• [Task statement] Print the lines in the listing below that fall between the line with "lunette profil nyc7rx-1-1" and the line with "Novak Djokovic lors", those two lines included, exactly as they stand and with nothing else.
*** Opening Supplied data ***
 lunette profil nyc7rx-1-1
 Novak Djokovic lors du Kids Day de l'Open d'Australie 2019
*** Closing Supplied data ***
*** Opening Supplied data ***
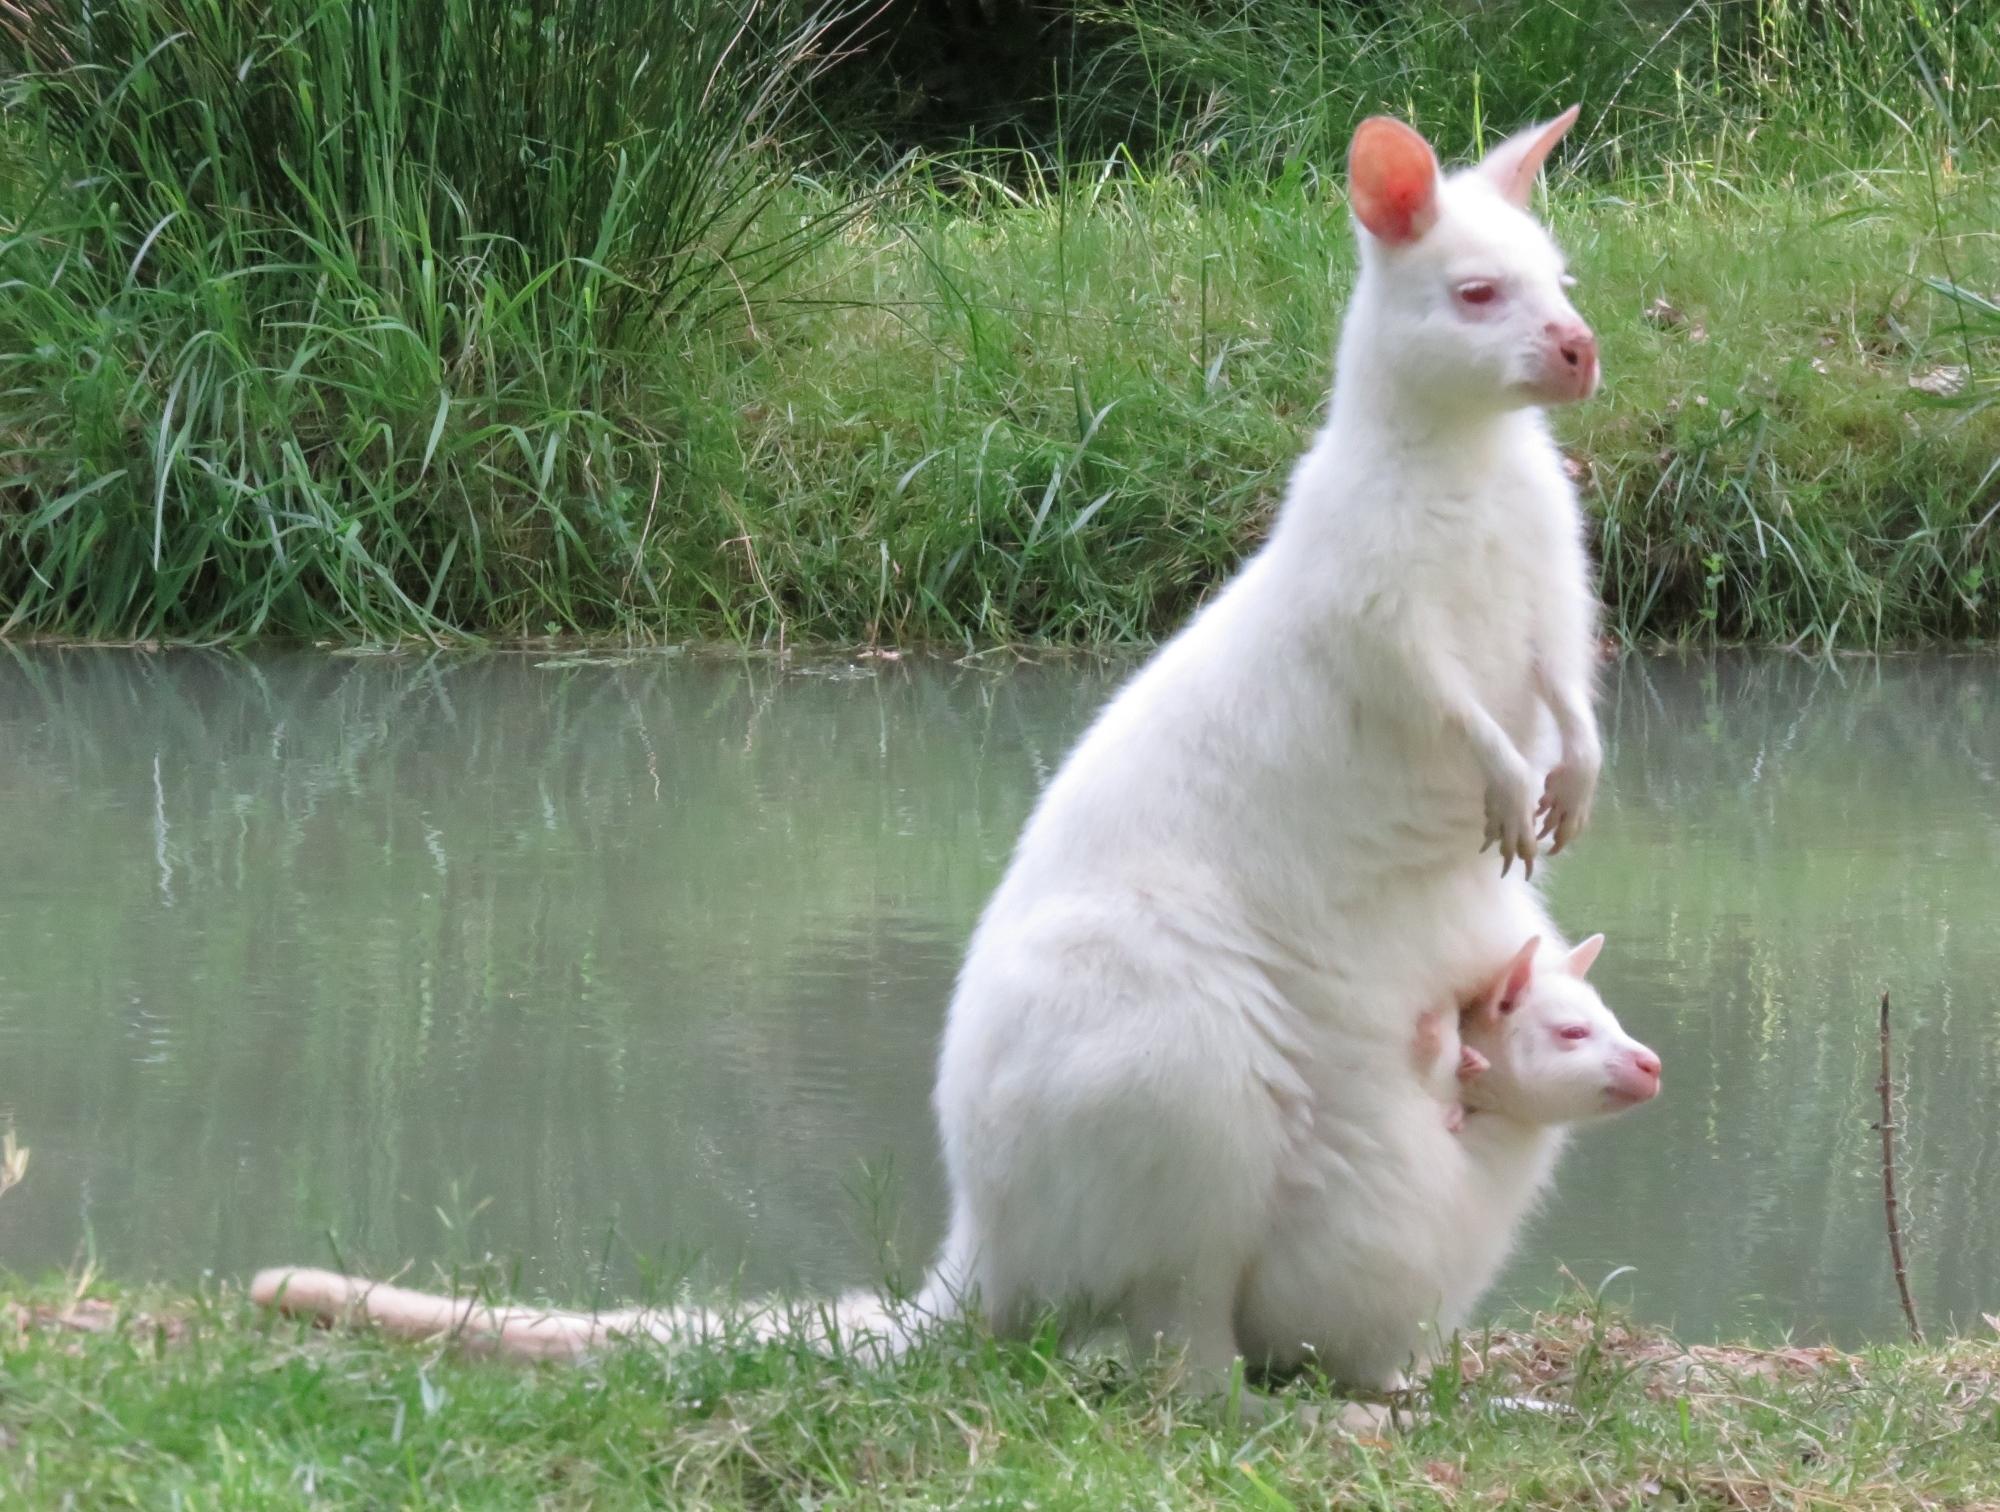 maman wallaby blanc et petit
*** Closing Supplied data ***
• [Written response]
 lunette profil nyc7rx-1-1
 Novak Djokovic lors du Kids Day de l'Open d'Australie 2019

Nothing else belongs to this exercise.